3.4 Comparison to alternative modelling approaches

Finally, NEE fluxes were modelled using both an approach of k-means clustering plus regression and the CABLE TBM parameterised by PFT, the results of which are shown in Fig. 5. At every site, the EM SAM model performed better than a current-climate-only k-means model, which is to be expected due to the far greater degrees of freedom in the SAM models. The difference between the median k-means R2 and EM R2 ranges from 0.02 to 0.12. However, the introduction of the lags for individual climate variables to the k-means model generally improved performance, although the EM SAM model outperformed these models in most cases. When all lags were introduced to the k-means model, performance improved at all sites. Performance was comparable to or better than that of the EM SAM model, confirming the applicability of SAM for predicting terrestrial ecosystem fluxes.

Figure 5R2 values for seven different models of k-means clustering plus regression predicting NEE at the flux sites, split by the two vegetation groups. “Current climate” is the k-means model that only considers concurrent environmental observations for predicting NEE. Each of the five lagged environmental predictors are then introduced separately; “+ all climate lags” is the model where every lagged environmental variable is included and hence utilises exactly the same predictors as the EM SAM model. Boxplots indicate the distribution of the R2 values when these models are run for between two and eight clusters each. The EM SAM model R2 value is indicated by a red cross, and the R2 for a PFT-parameterised TBM (CABLE) is shown with a blue cross. Note that AU-Wom had no available CABLE output. Sites are ordered from left to right by ascending mean annual precipitation within each vegetation group.

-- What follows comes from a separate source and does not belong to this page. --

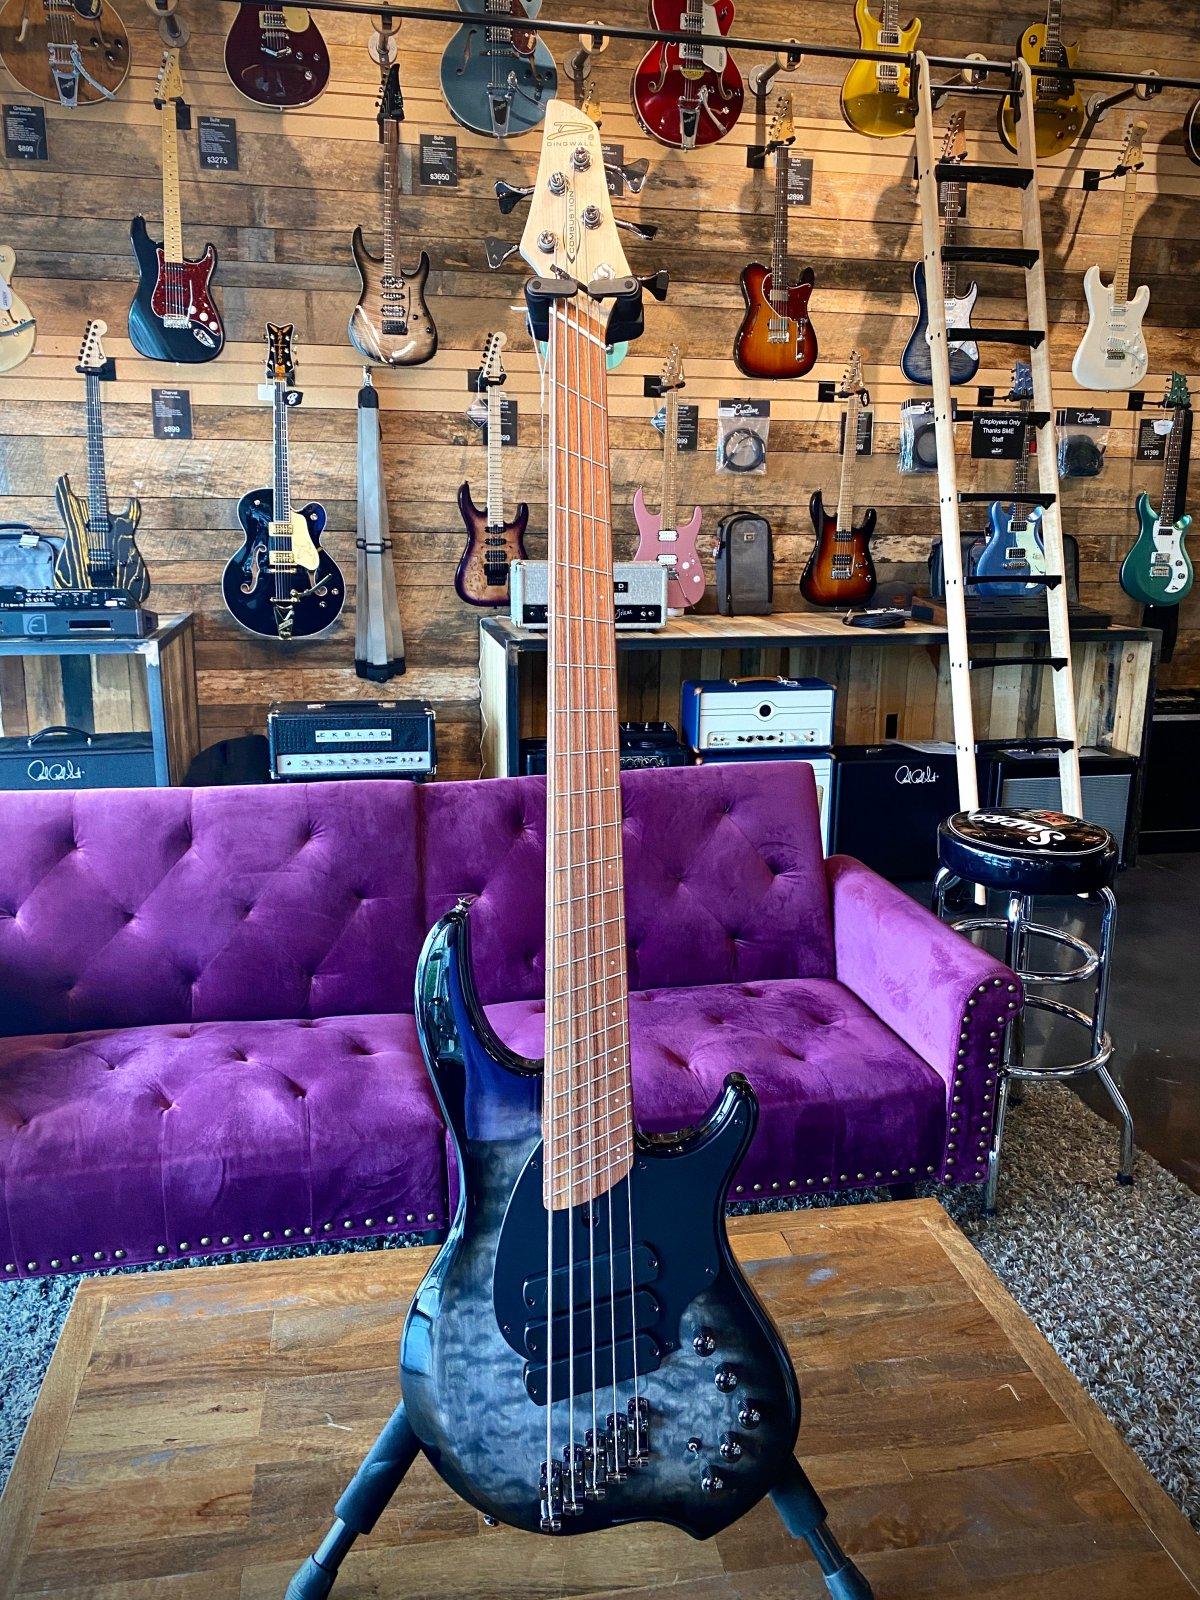 Dingwall Combustion 5-String Bass in Blackburst Finish

The sites were also modelled using the Australian TBM, the Community Atmosphere Biosphere Land Exchange model (CABLE). In these model runs, CABLE was parameterised by assumed PFT, with no site-specific calibration, and thus indicates a lower bound on TBM performance at the sites. As shown in Fig. 5, this consistently underperformed relative to the predictability expected from the empirical methods. R2 values for the TBM predictions against observed NEE ranged from 0 to 0.33, with a mean of 0.16. Performance was generally better at the SAWS sites than at the NATT sites. CABLE performed better as sites became drier within the SAWS group, but this behaviour was not seen for the NATT sites.

4 Discussion

Prior to the introduction of the stochastic antecedent modelling framework (Ogle et al.2015), little work had attempted to explicitly quantify the role and behaviour of these lagged effects. This paper provides further evidence that ecosystem fluxes exhibit complicated responses to antecedent conditions and that these responses are important components of ecosystem functioning and as such need to be further explored if these ecosystems are to be properly understood.

4.1 To what extent does environmental memory matter?

This study shows that understanding the lagged component in ecosystem responses to climate, that is the environmental memory, can significantly improve the ability to model site fluxes empirically. Introducing antecedent climate to the NEE model increased the R2 by an average of 0.08, which is a mean relative improvement of 22 % in model performance, with the relative improvement at individual sites ranging from 7 % to 55 %. For λE, the improvement ranged from 2 % to 49 %, with a mean of 20 %. This is reflective of the generally higher predictability of the λE flux compared to NEE, with more of the variance in the flux explained by current climate only. This improvement in model performance for both fluxes indicates that exploring the role of environmental memory could further substantially improve our understanding of site functioning.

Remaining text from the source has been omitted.